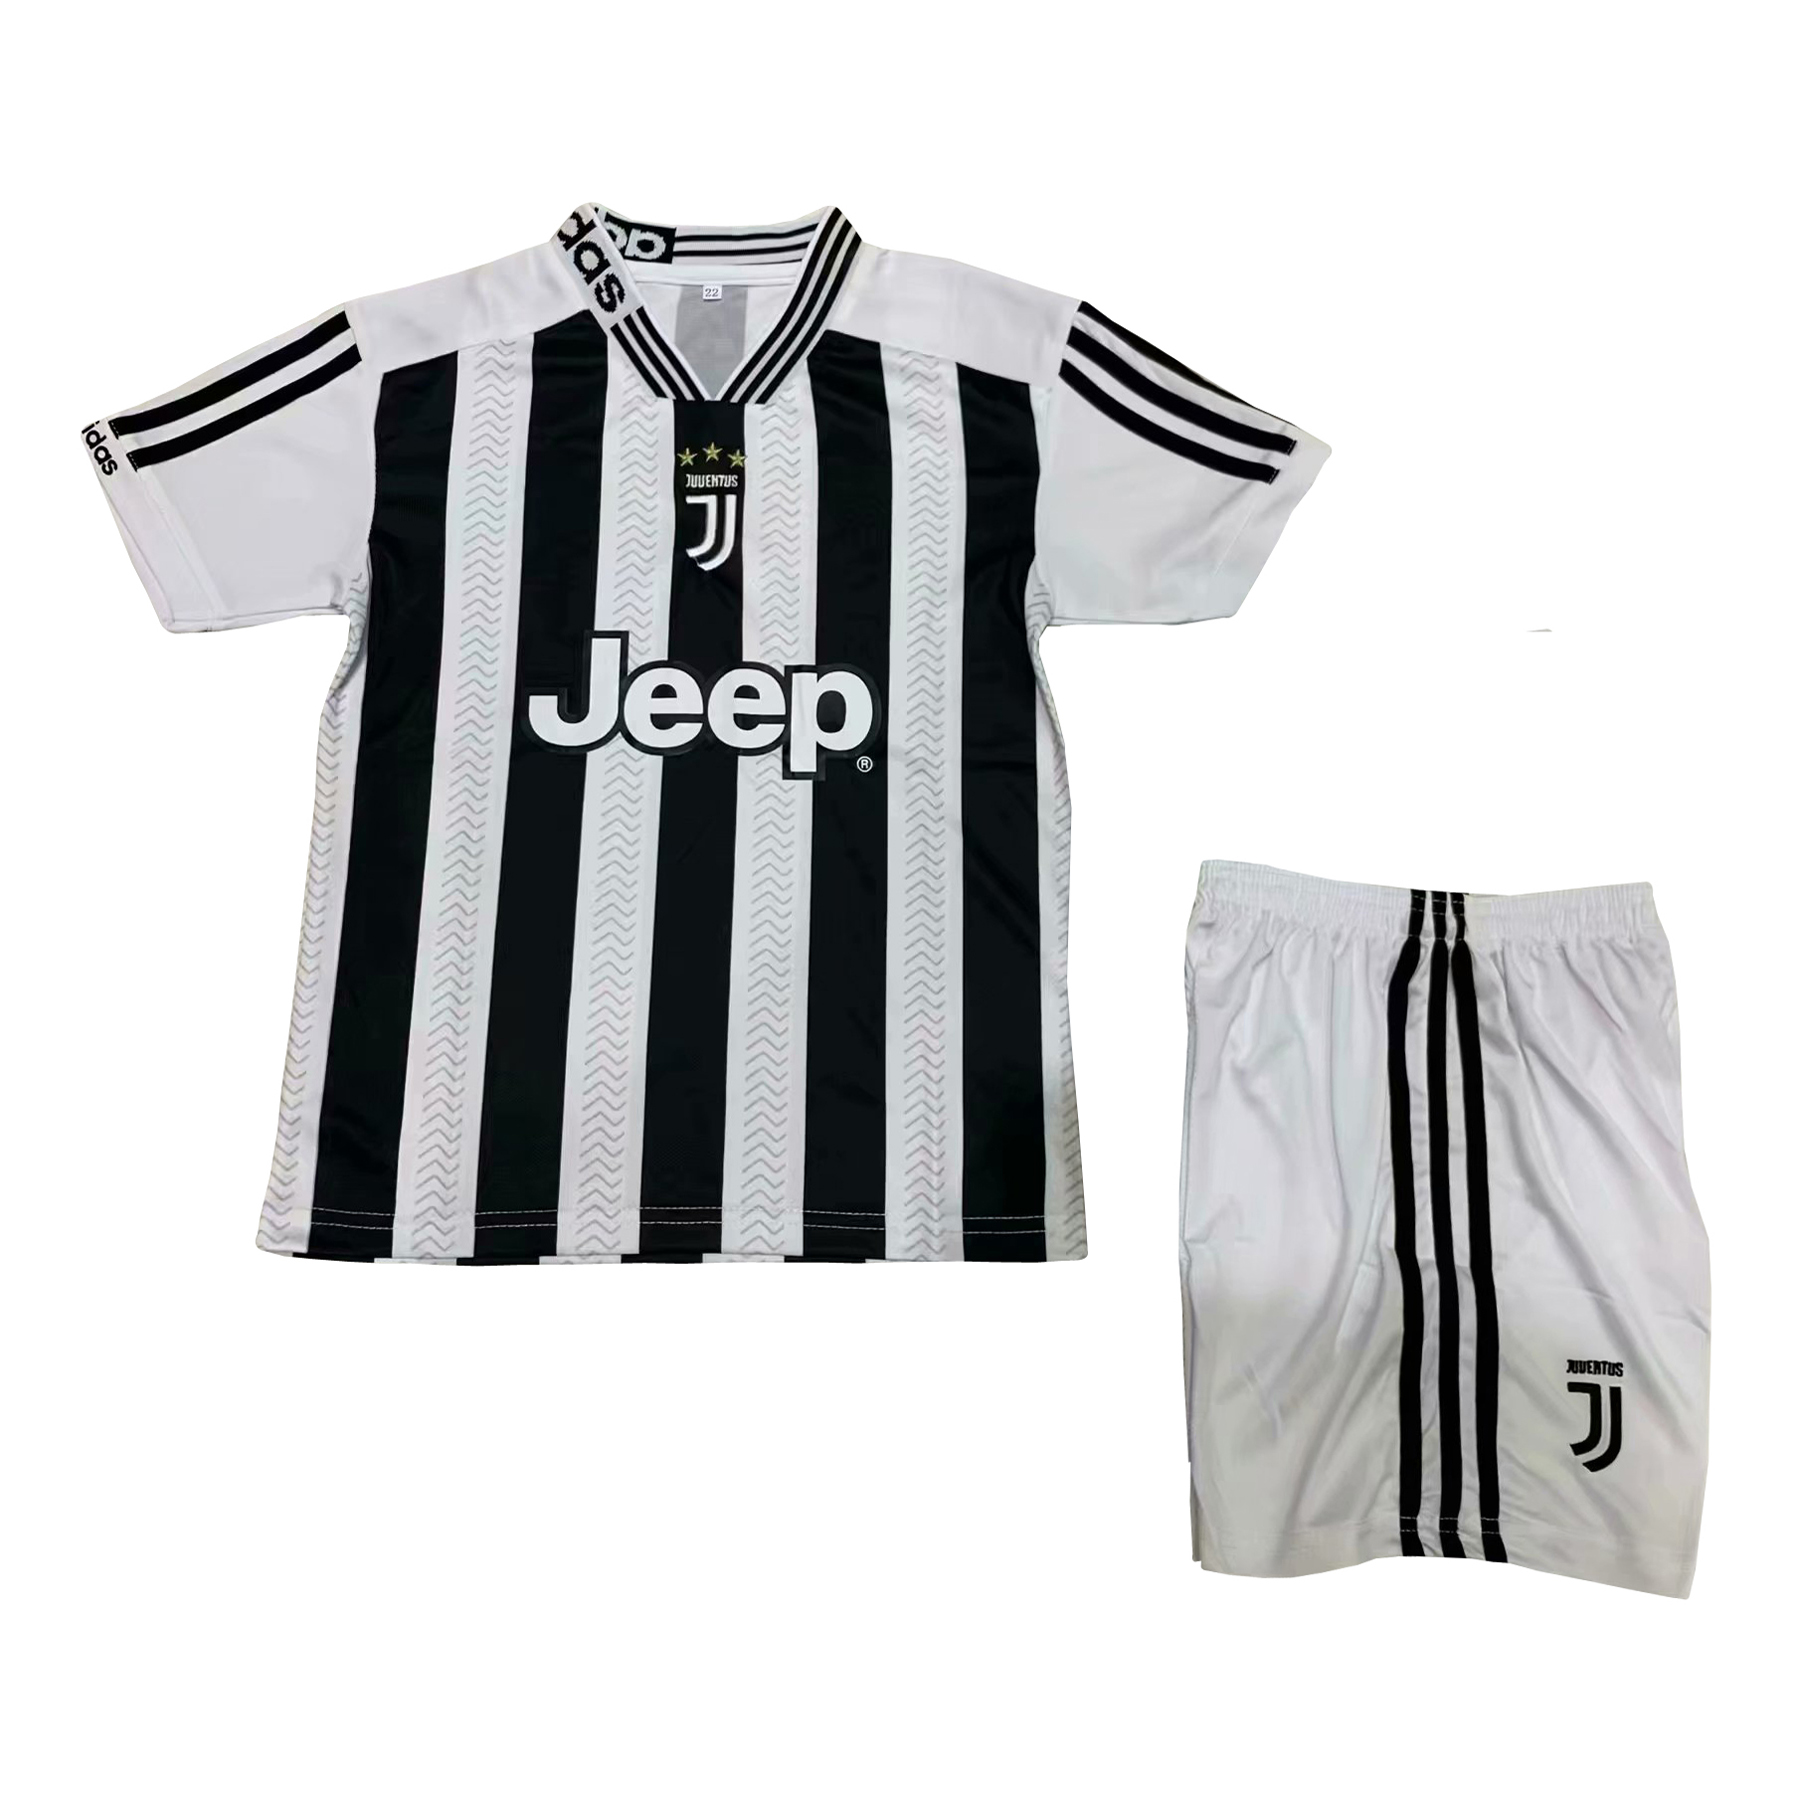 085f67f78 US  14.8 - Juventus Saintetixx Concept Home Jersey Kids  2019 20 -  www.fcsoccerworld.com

==

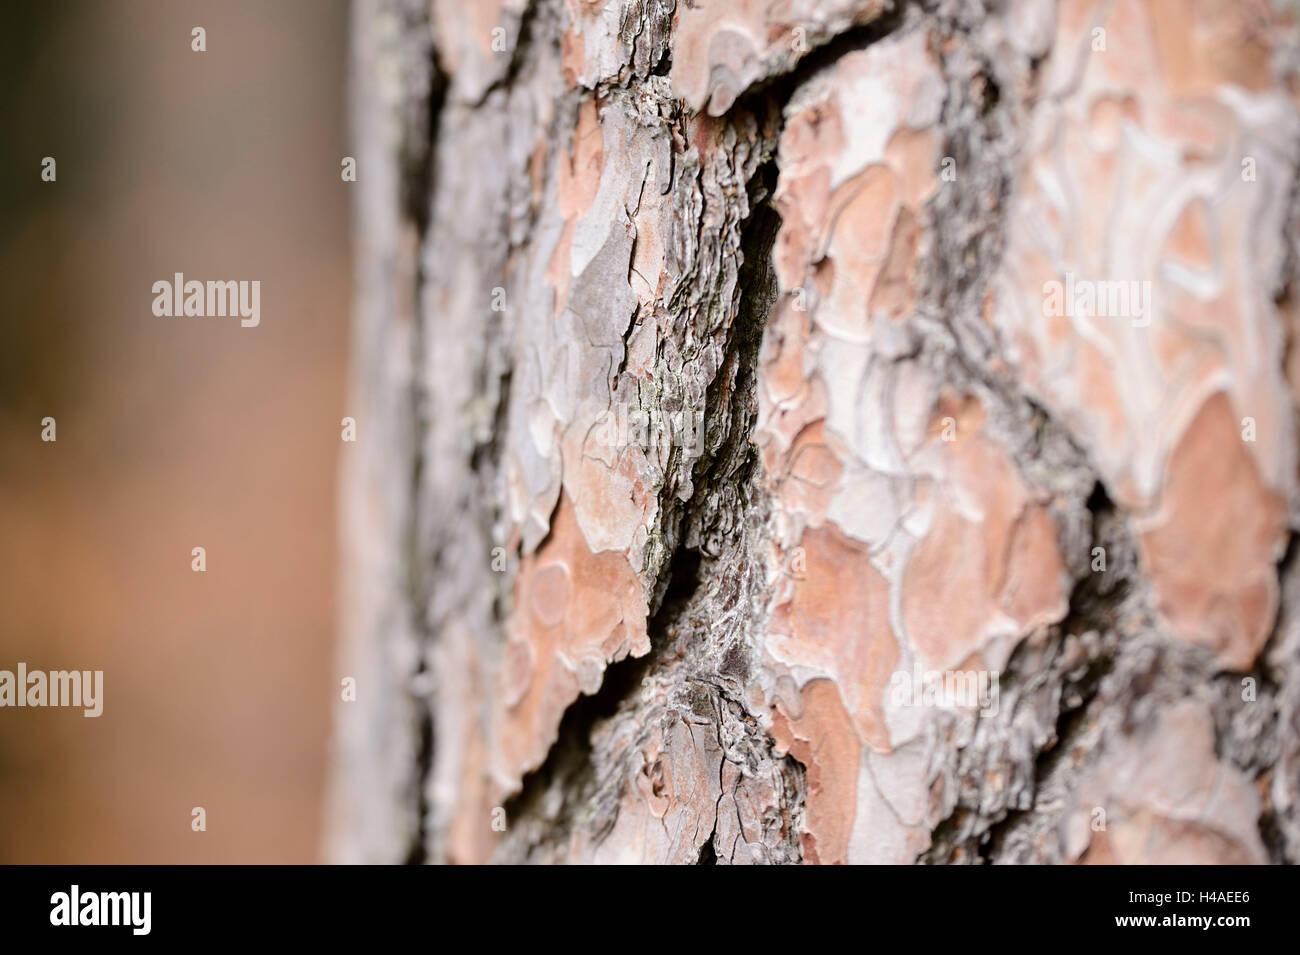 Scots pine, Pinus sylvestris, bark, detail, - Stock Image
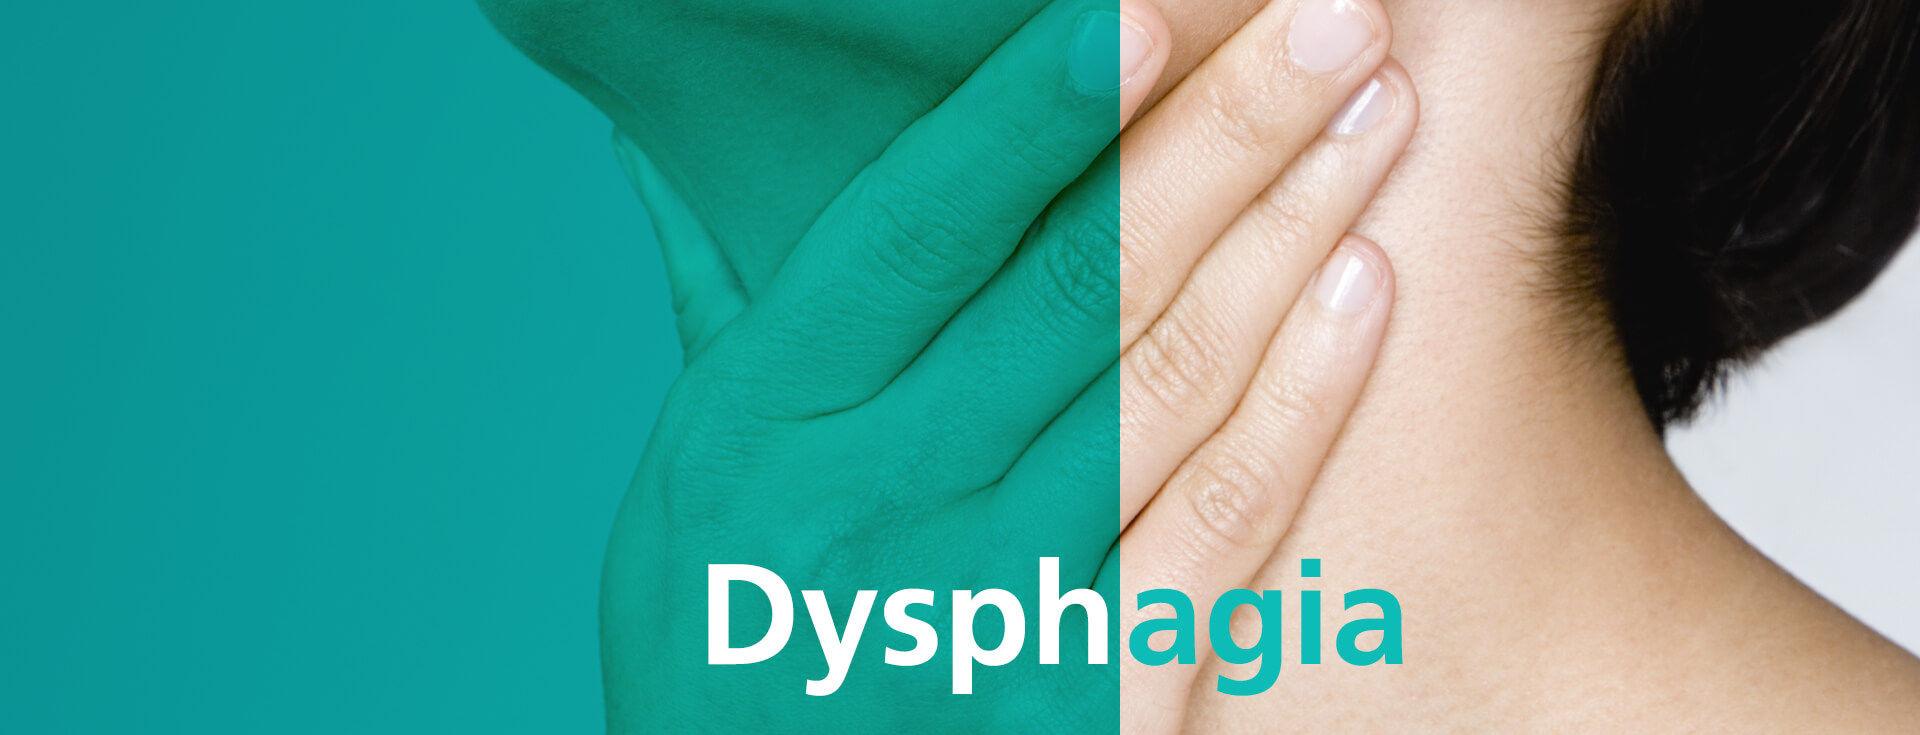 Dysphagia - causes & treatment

--- YOUR ASSIGNMENT ---
What are the lines in the records above, word for word, from the one containing "Scots pine, Pinus" through the one containing "Dysphagia - causes & treatment", both ends included and pictures left out?

--- REPLY ---
 Scots pine, Pinus sylvestris, bark, detail, - Stock Image
 Dysphagia - causes & treatment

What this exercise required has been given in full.